(Information shown):

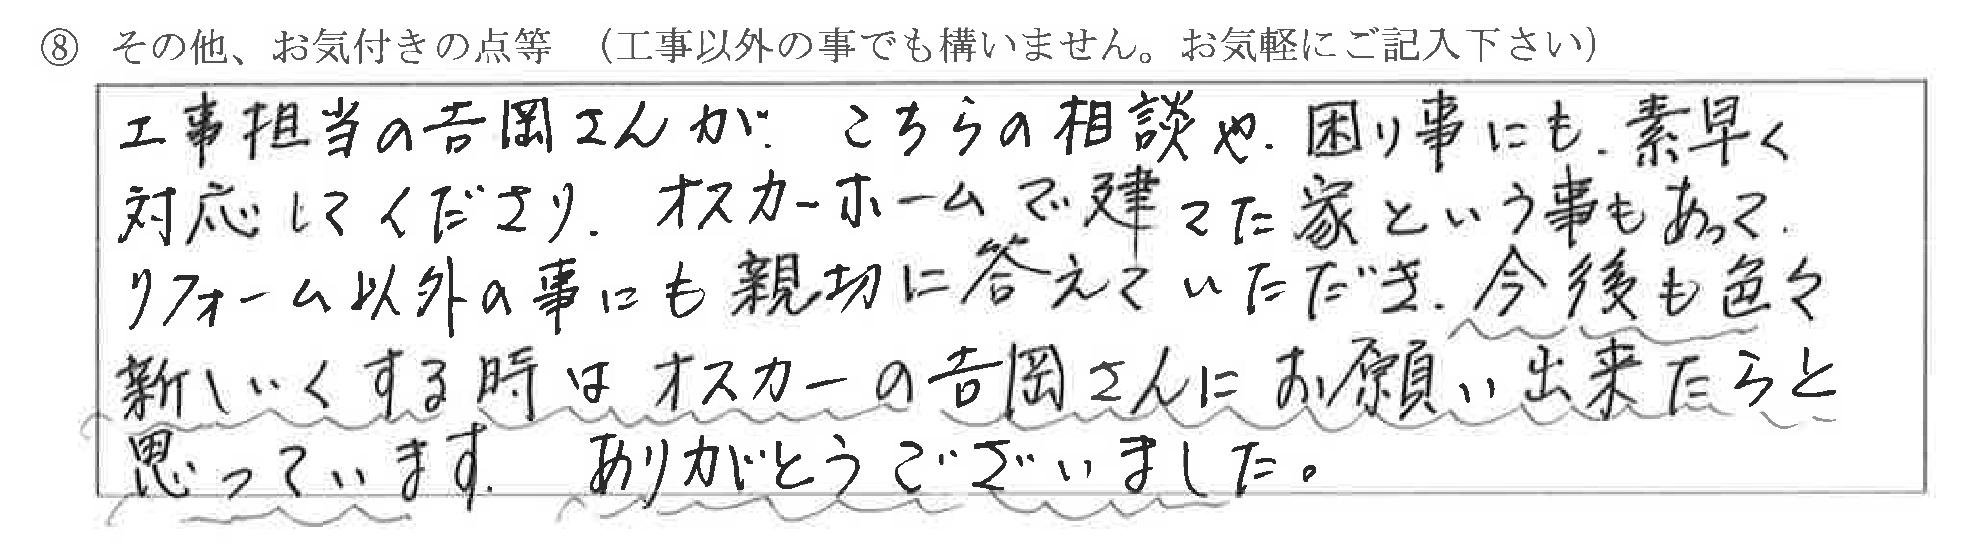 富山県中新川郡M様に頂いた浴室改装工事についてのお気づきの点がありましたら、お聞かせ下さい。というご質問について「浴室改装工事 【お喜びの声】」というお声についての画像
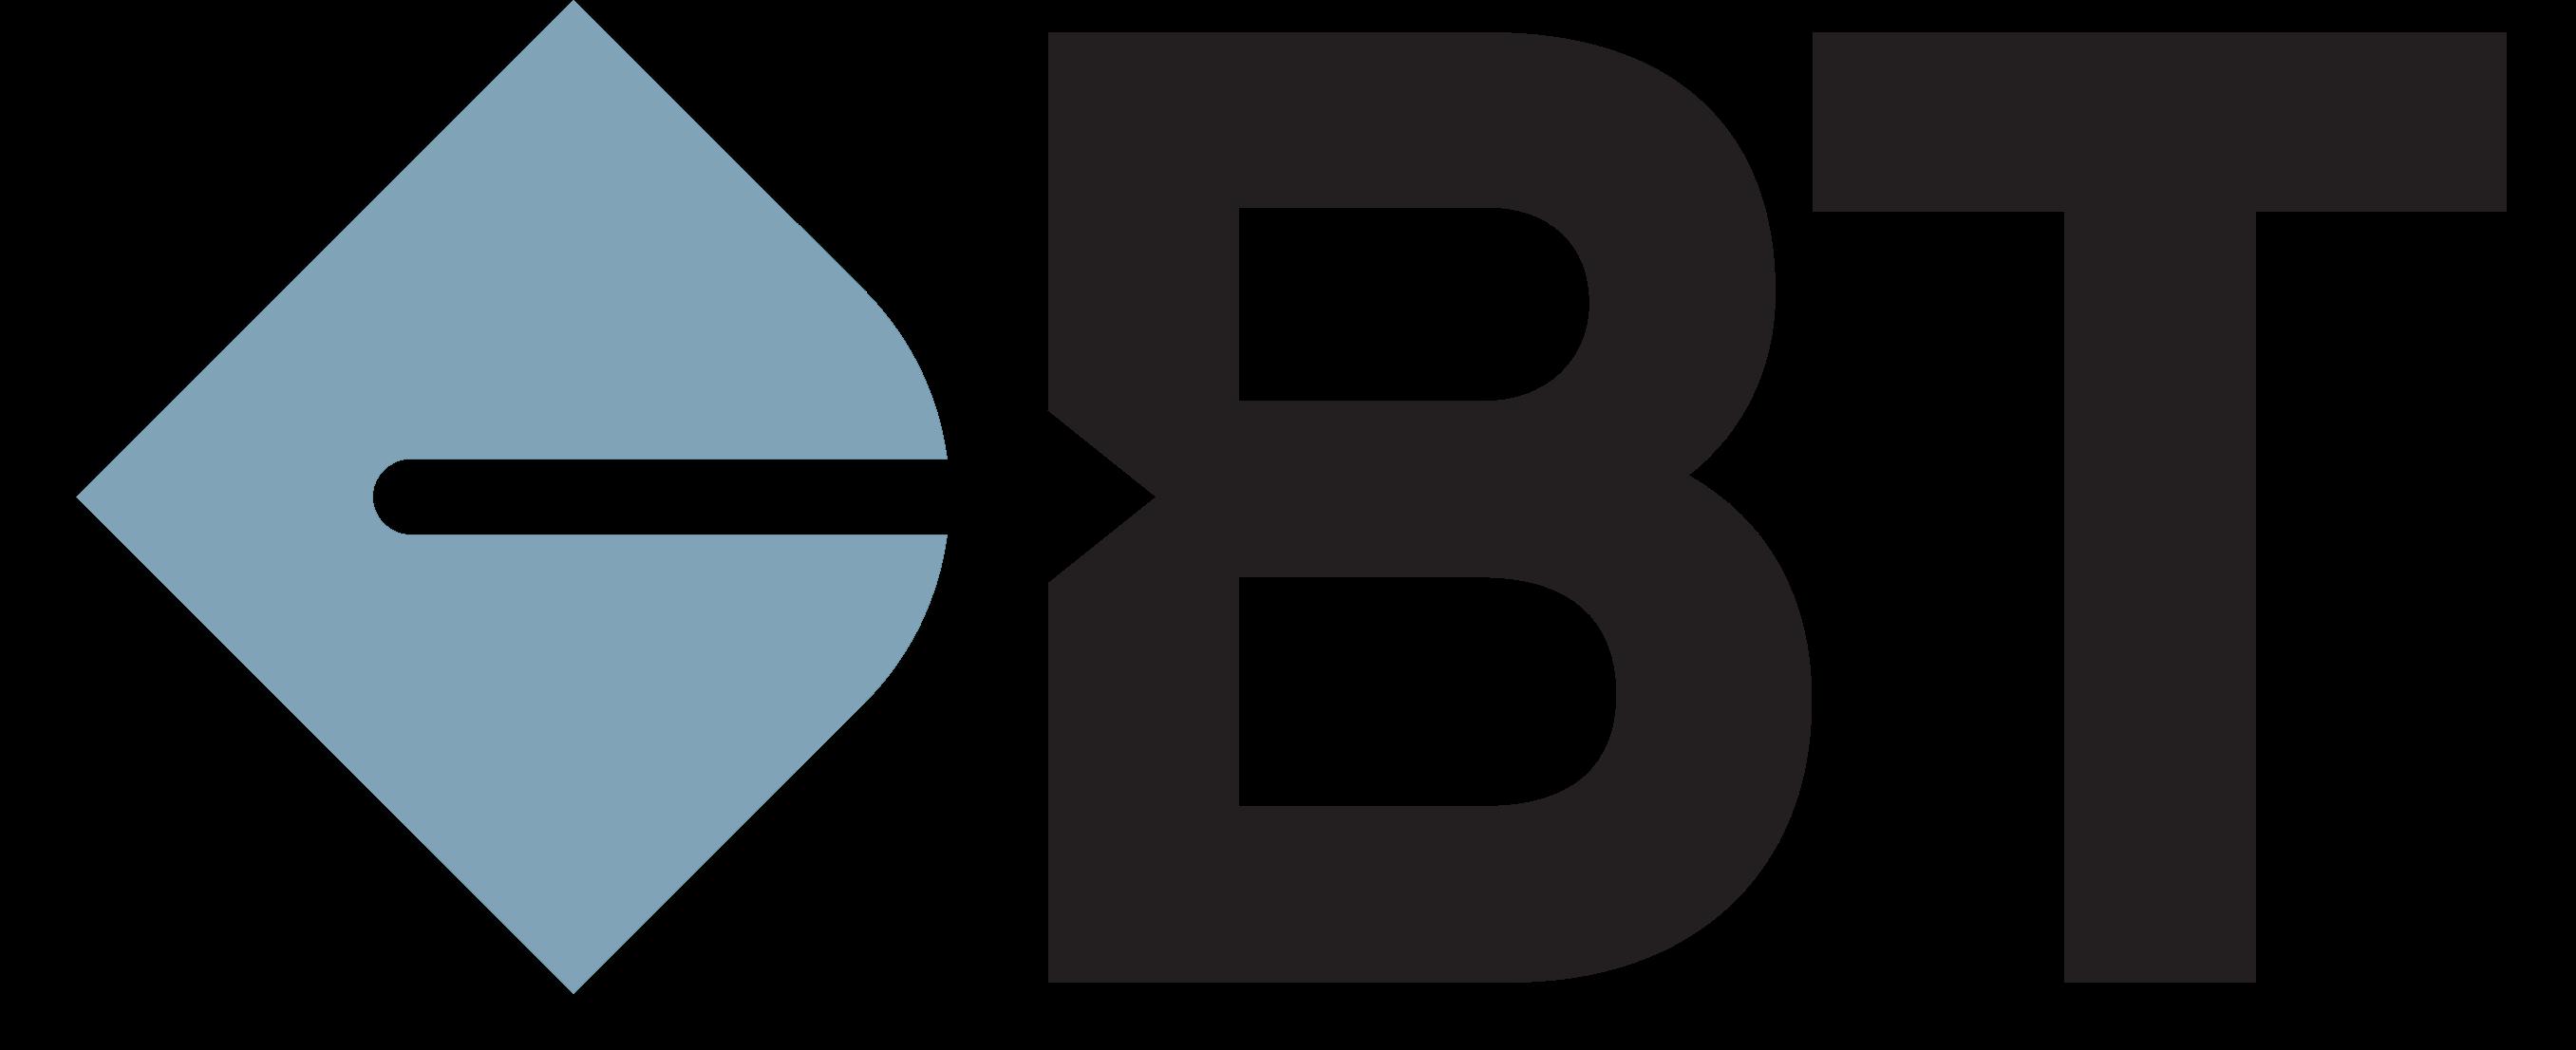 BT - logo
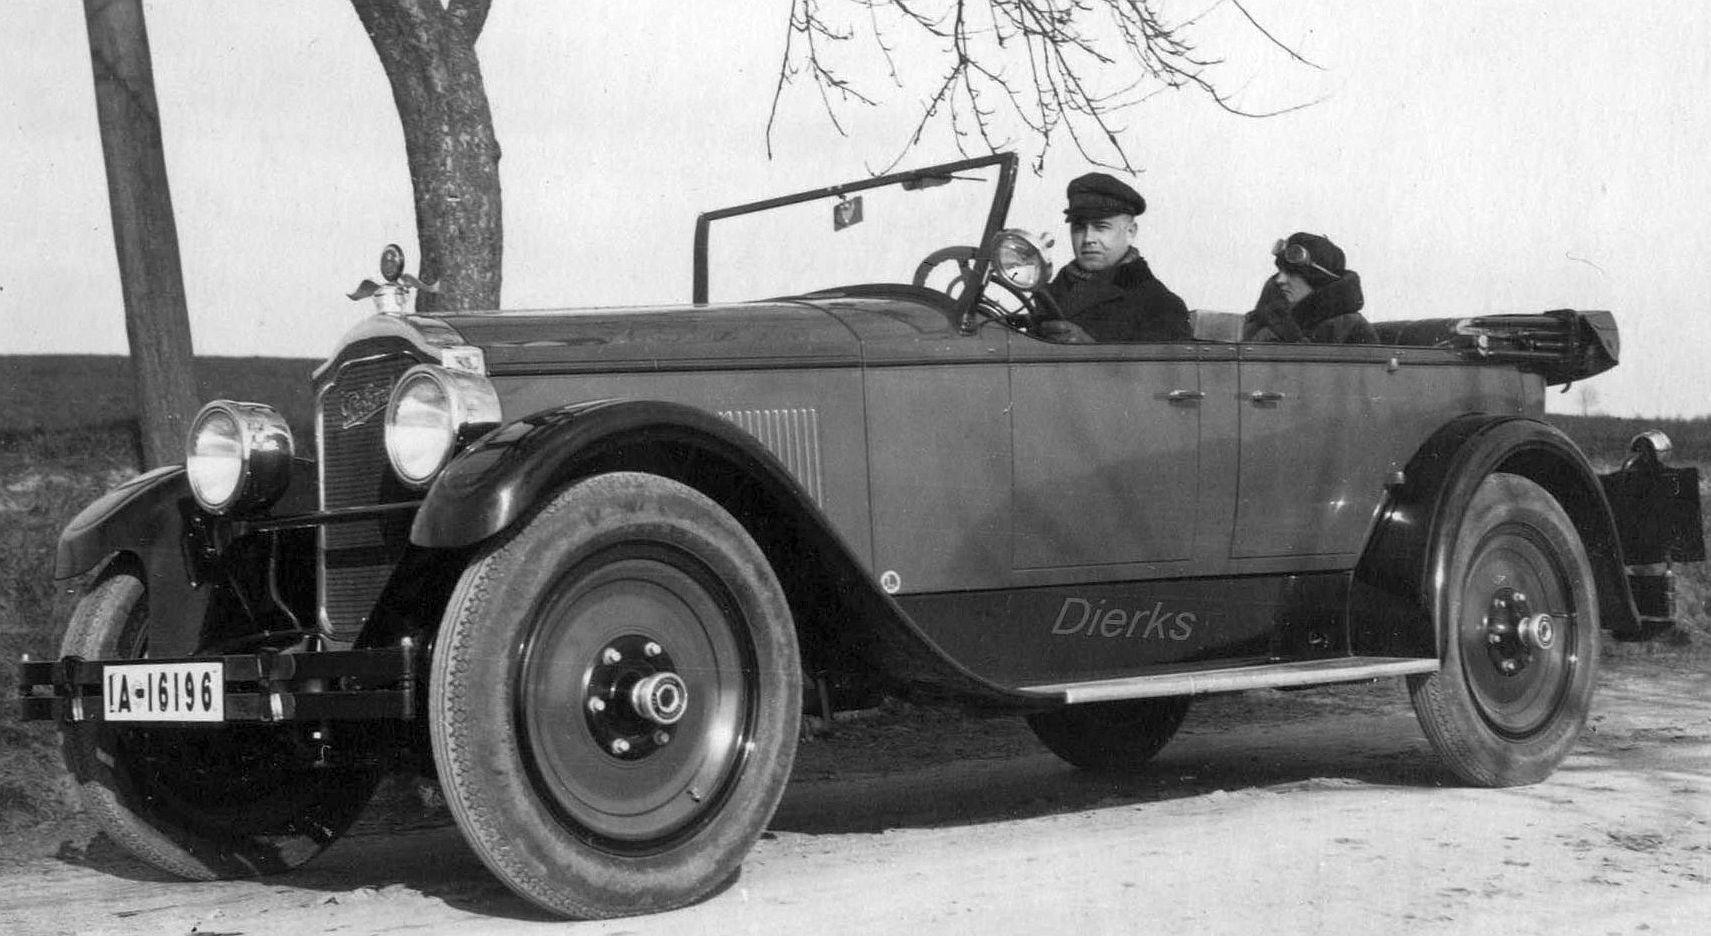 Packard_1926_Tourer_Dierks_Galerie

(Task description): Every line above goes into the copy unchanged; the pictures do not.

(Task answer):
 富山県中新川郡M様に頂いた浴室改装工事についてのお気づきの点がありましたら、お聞かせ下さい。というご質問について「浴室改装工事 【お喜びの声】」というお声についての画像
 BT - logo
 Packard_1926_Tourer_Dierks_Galerie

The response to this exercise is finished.